Light effort is described as 35-55% of your maximum heart rate (220-age). Using the "Talk Test" you should be able to easily talk while exercising at this intensity level and you should start to feel warm while exercising. Examples of light effort activity would be cleaning the house or doing some light gardening. 

Moderate effort is described as 55-70% of your maximum heart rate. Using the talk test, you should only be able to give short sentences while exercising at this intensity level and you should start to feel very warm while exercising. Examples of moderate effort activity would be brisk walking, water aerobics or casual cycling. 
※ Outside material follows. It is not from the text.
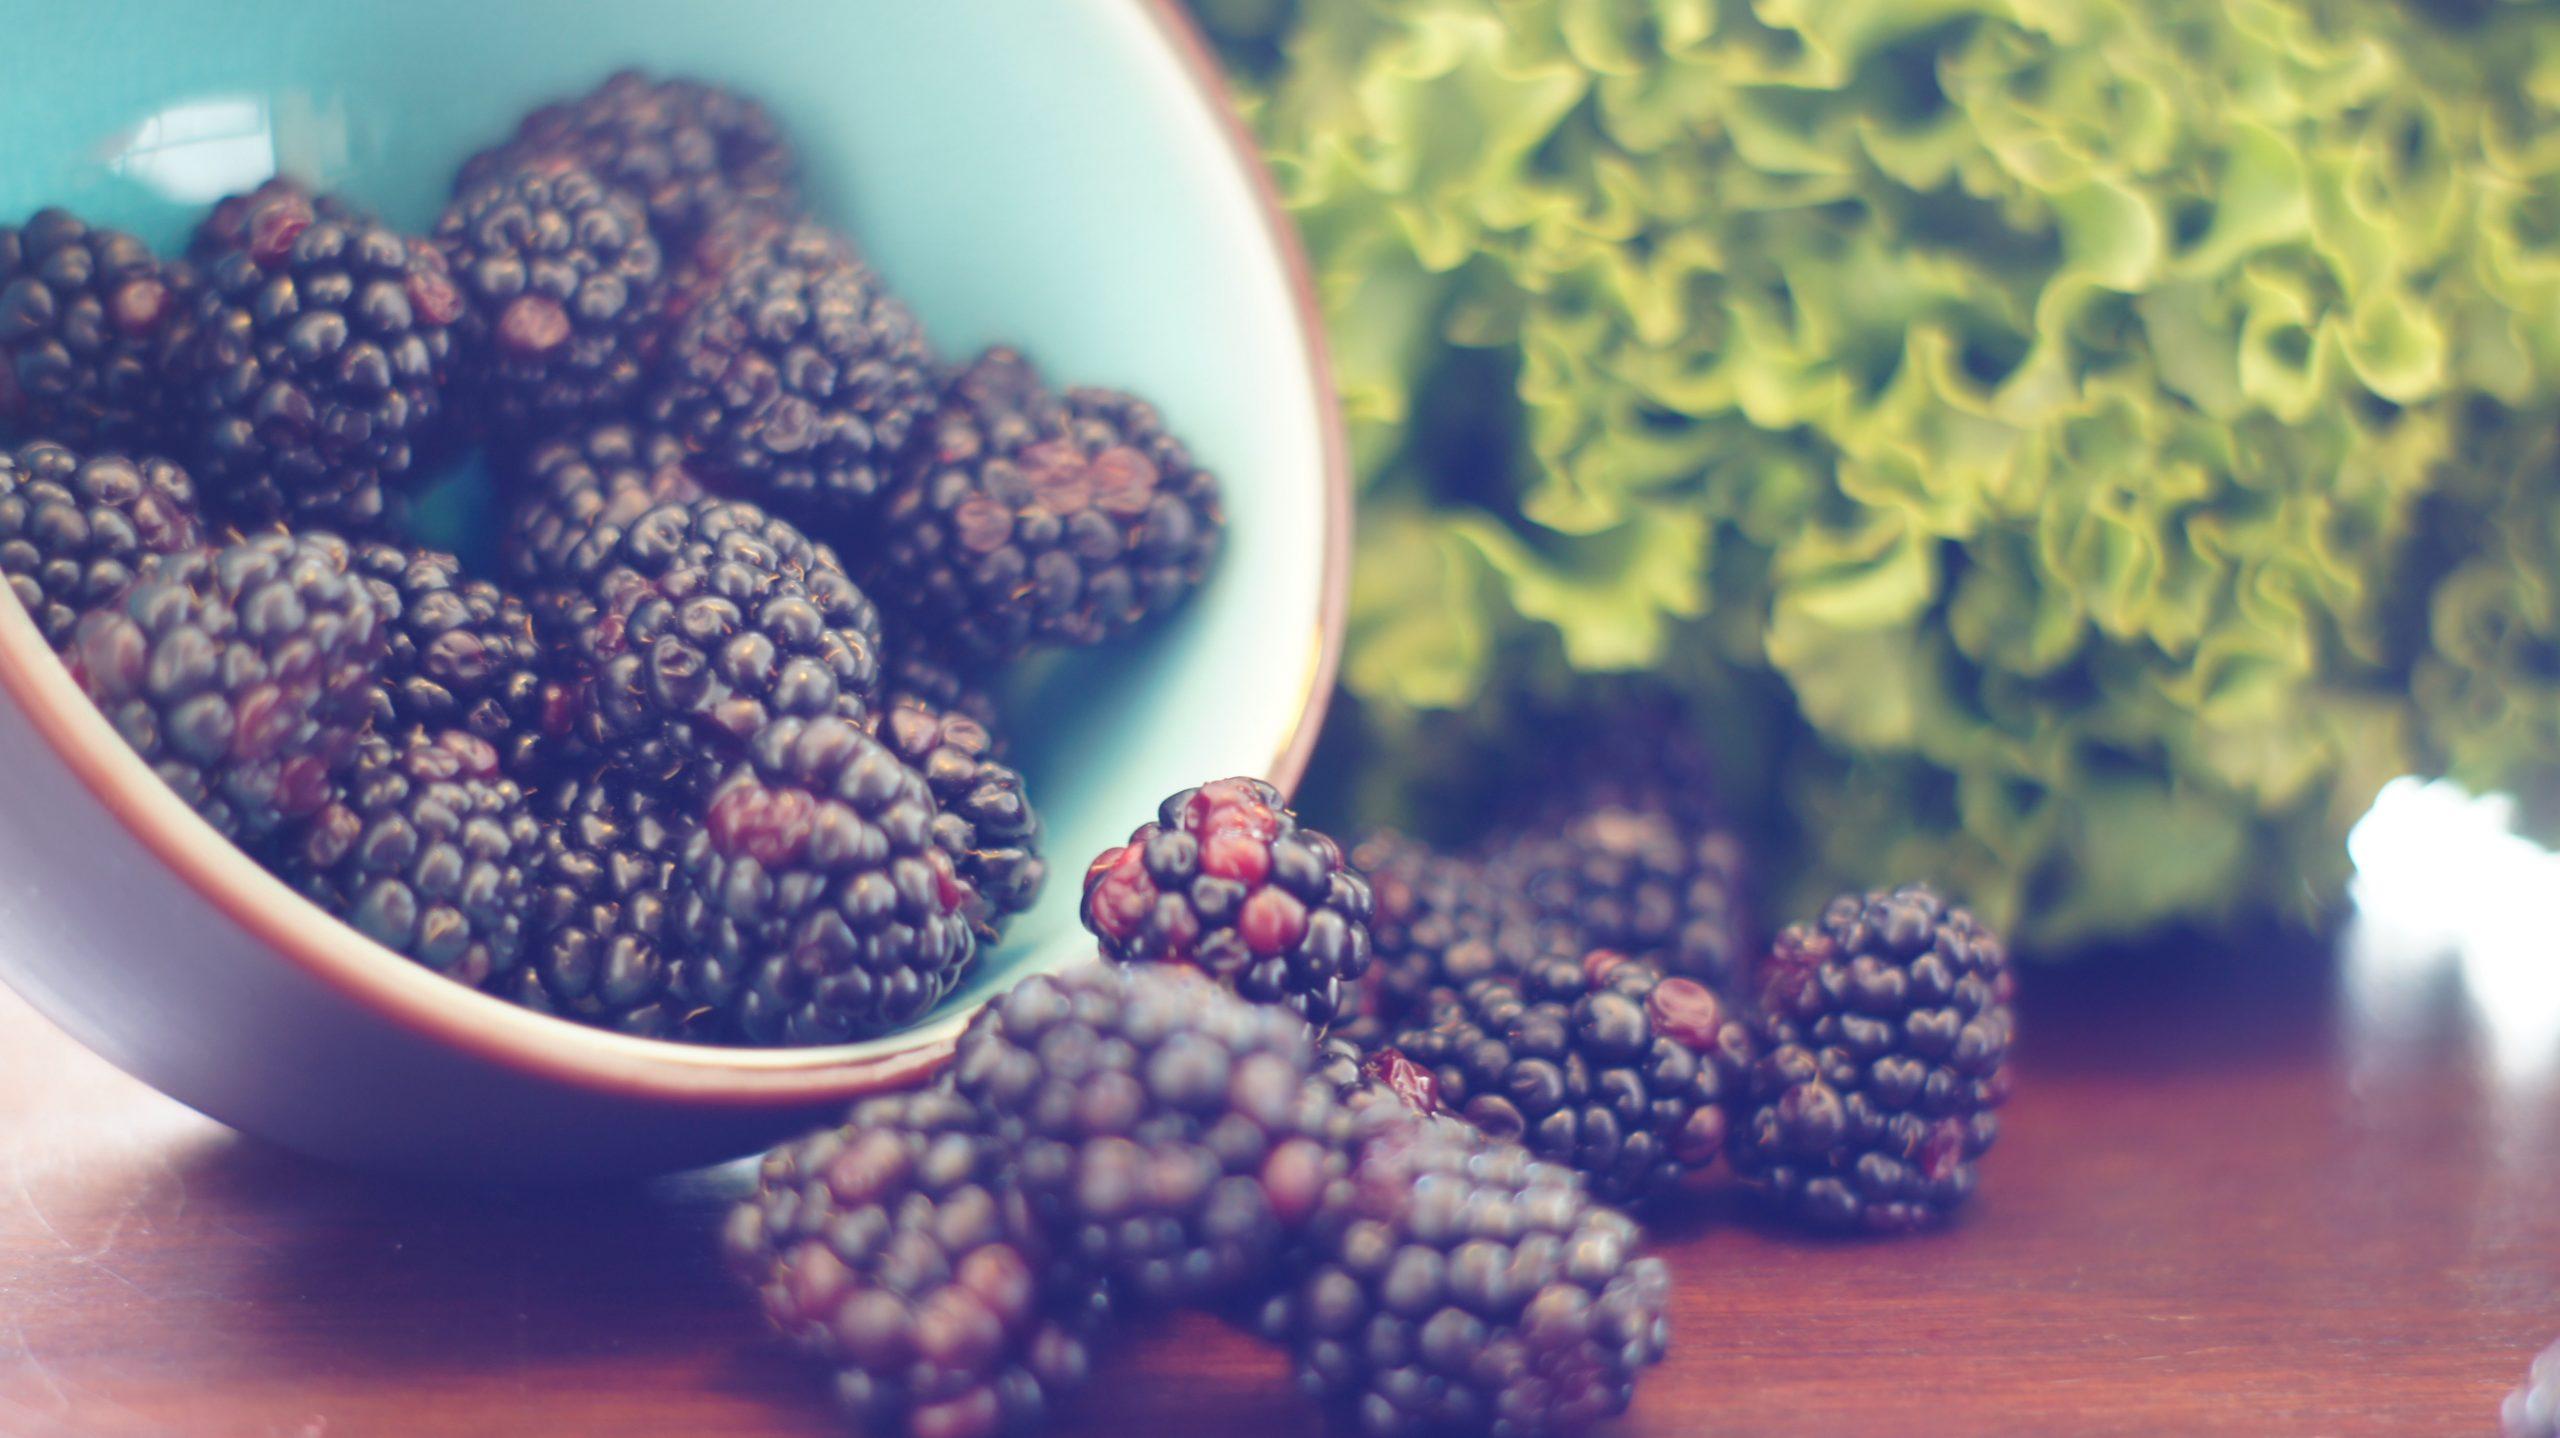 7 Benefits Of Eating Blackberries

Hard or Vigorous effort is described as 70-90% of your maximum heart rate. Using the talk test you should only be able to speak 1-2 words at a time and you should start to feel hot and starting to sweat while exercising at this intensity level. Examples of hard or vigorous effort activity would be running, jumping rope, or hiking up a hill with a heavy backpack.

 

Ways of Measuring Exercise Intensity

Without getting too complicated with mathematical equations, there are simple ways to help us figure out what target heart rate zone we should be exercising in. The best way we can measure exercise intensity is by using a heart rate monitor! Popular gadgets like the FitBit and AppleWatch have heart rate monitors built right in so it is becoming easier than ever to track heart rate during exercise. Most cardio machines have heart rate hand sensors to give an estimate of working heart rate, but these can sometimes be misleading and not very accurate. The talk test, and perceived exertion scale are other good ways of monitoring intensity level that go based on how you feel and do not require any equipment at all. 

 

Ways of Adding Intensity to Your Training 

Strength training: Try taking minimal breaks between exercises and sets. Add full body, explosive movements into your circuit training to get your heart rate up. 

 

Cardio Training: Try interval training! For example, if you like to walk on the treadmill, try increasing the incline up high to walk up hill for 2 minutes, than bring the incline back down to allow yourself to recover. You can repeat this as many times as it takes to tire yourself out!

 

Try something new! Fitness classes and having a personal trainer can help you challenge your body further than what you would normally do on your own. A personal trainer can calculate all your target heart rate zones to make sure you are working at the correct level of intensity for your specific goals.

 

Progression

Another important point about exercise intensity is the Law of Progression. According to the Canadian Society for Exercise Physiology, the law of progression states: "As an individuals capacity improves, they will be able to do more work and the initial program may not be sufficient to stimulate continued physiological adaptation." (CSEP pg. 128) Based in this principle, the initial workload must increase to see continued improvements in fitness. There are three main ways of progressing a workout program, you can use Frequency, (perhaps exercising 3 days per week instead of 2) Duration, (extending the length of time your workout takes) and of course adding Intensity. For anyone new to exercise, focusing on frequency and duration as forms of progression are better ways of encouraging steady progression rather than adding intensity right away. Light or very light intensity effort that replaces sedentary behaviour can also reduce the risk of chronic disease and still provide further health benefits. 

 

Think About Your Goals!

Exercise should reflect what you want to achieve. For example, if your goal is weight loss, losing weight is about reaching a calorie deficit. You need to burn more calories through exercise than you take in with food. In doing so, your body needs to be working at a moderate to vigorous effort to be able to see your desired results. Whatever your fitness goals, its crucial to start slow. Over exercising can lead to burn out and put you at an increased risk of injury. If you're new to exercise starting slow is the best way to learn to enjoy exercise and slowly make it part of your weekly routine. Fitness is a journey, not a destination so make sure you choose a workout routine you enjoy!